Secondo quanto ha riportato la tedesca ARD, all’indomani della pronuncia il Ministro della sanità Hermann Gröhe si è riservato di esaminare attentamente la sentenza, ma è subito intervenuto diffidando le autorità statali dal “fornire aiuto al suicidio” anziché prodigarsi “con aiuto e consigli”; il diritto all’autodeterminazione sarebbe in realtà disatteso senza la contestuale tutela alla vita. Anche l’Ordine dei Medici ha criticato severamente la pronuncia giudiziaria “una simile etica burocratica è irresponsabile” ha dichiarato il presidente Frank Ulrich Montgomery alla ARD. Come possono decidere dei funzionari quando sussisterebbe una “situazione eccezionale estrema” ha polemizzato.
Una branca della medicina cui la stessa sentenza fa richiamo, la medicina palliativa, si dedica a cercare di lenire i dolori delle persone gravemente malate.

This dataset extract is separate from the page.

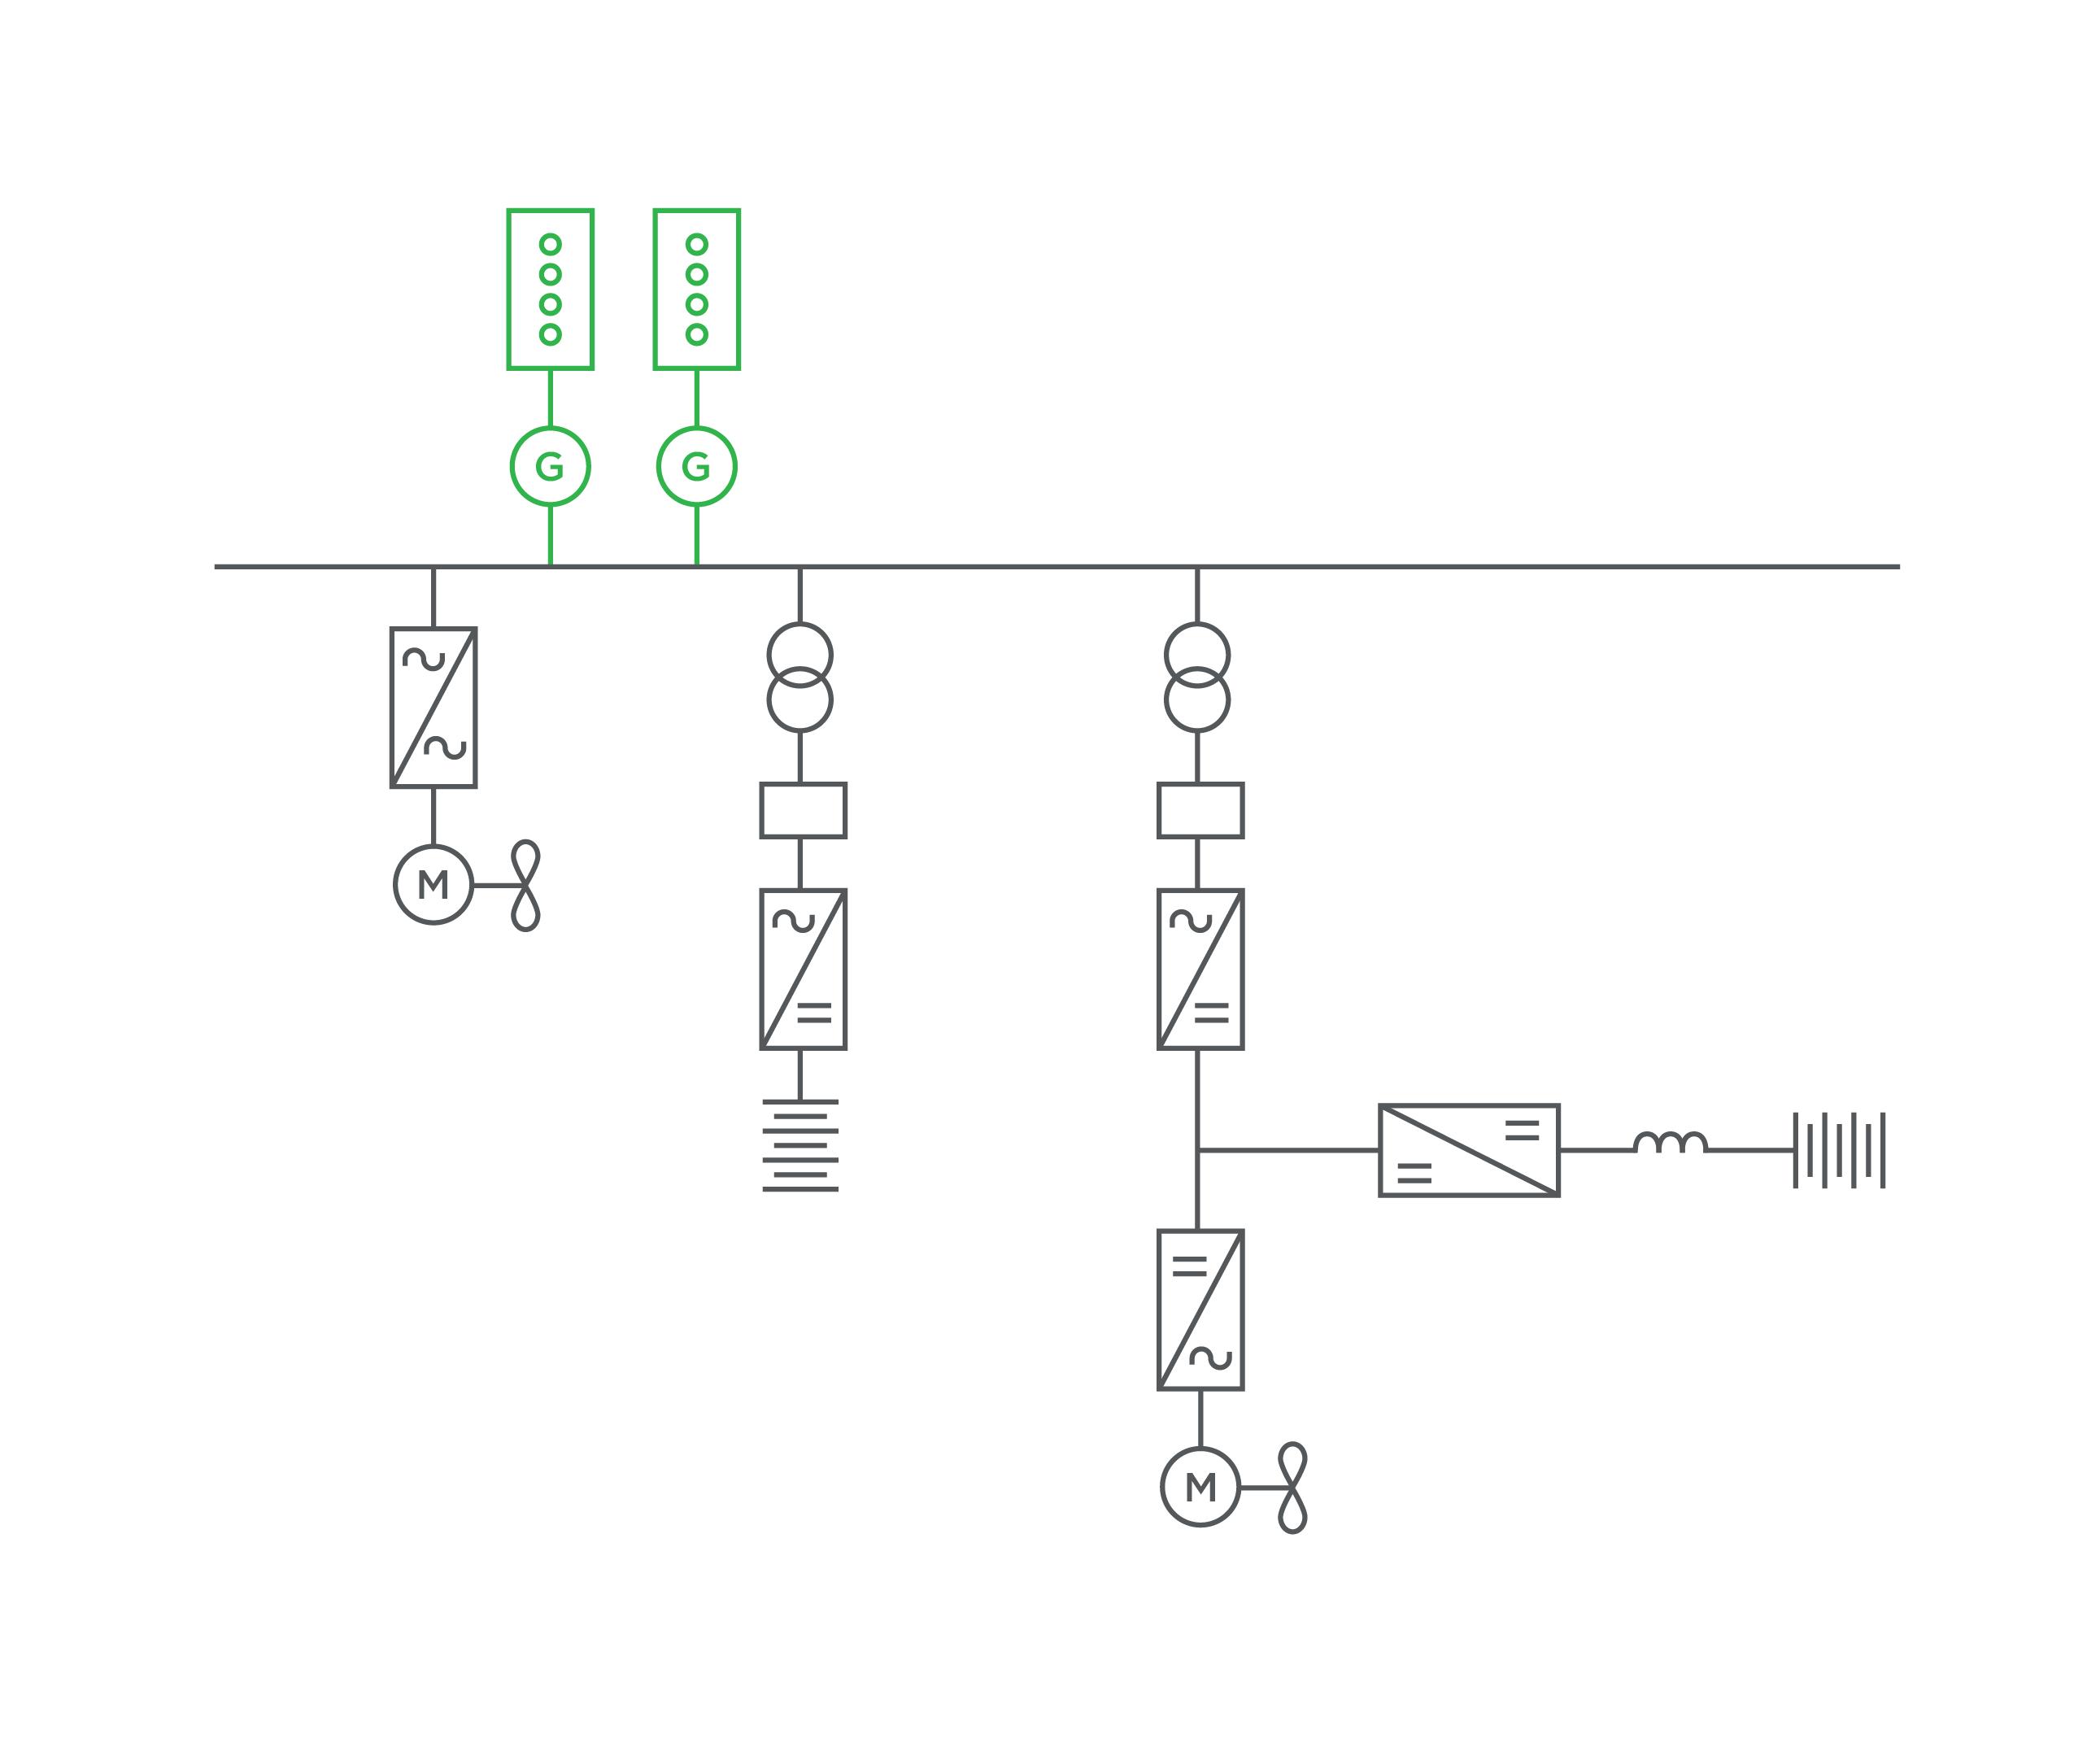 spoc-grid-inverter-technology-marine-application

Il medico è ripetutamente confrontato con aneliti suicidi dei pazienti, ma questo cela spesso, per chi la pratica con convinzione, solo il desiderio di parlare e conoscere possibilità alternative per sostenere la situazione. Scontato quindi che anche le associazioni tedesche per la medicina palliativa si siano distanziate dalla decisione e sostenuto che semmai debba essere ampliata l’accessibilità alla medicina antidolorifica. Per il presidente del comitato etico tedesco, il teologo protestante Peter Dabrock -riporta sempre la ARD- la sentenza rimane applicabile quindi solo ad un caso “singolo estremo” ma non vale a legittimare una prassi di assistenza al suicidio. Medicinali che conducano alla morte per atto amministrativo contraddicono gli sforzi per tutelare la vita.
Il Parlamento tedesco il 6 novembre 2015 ha espressamente vietata la sistematica assistenza al suicidio in forma commerciale come invece ammessa nella vicina Svizzera, sanzionandola nei casi più gravi con la reclusione fino a 3 anni. La legge non è tuttavia diretta a colpire medici che in una situazione difficile agiscano secondo coscienza, quanto piuttosto chi invece promuova ripetutamente e commercialmente il suicidio.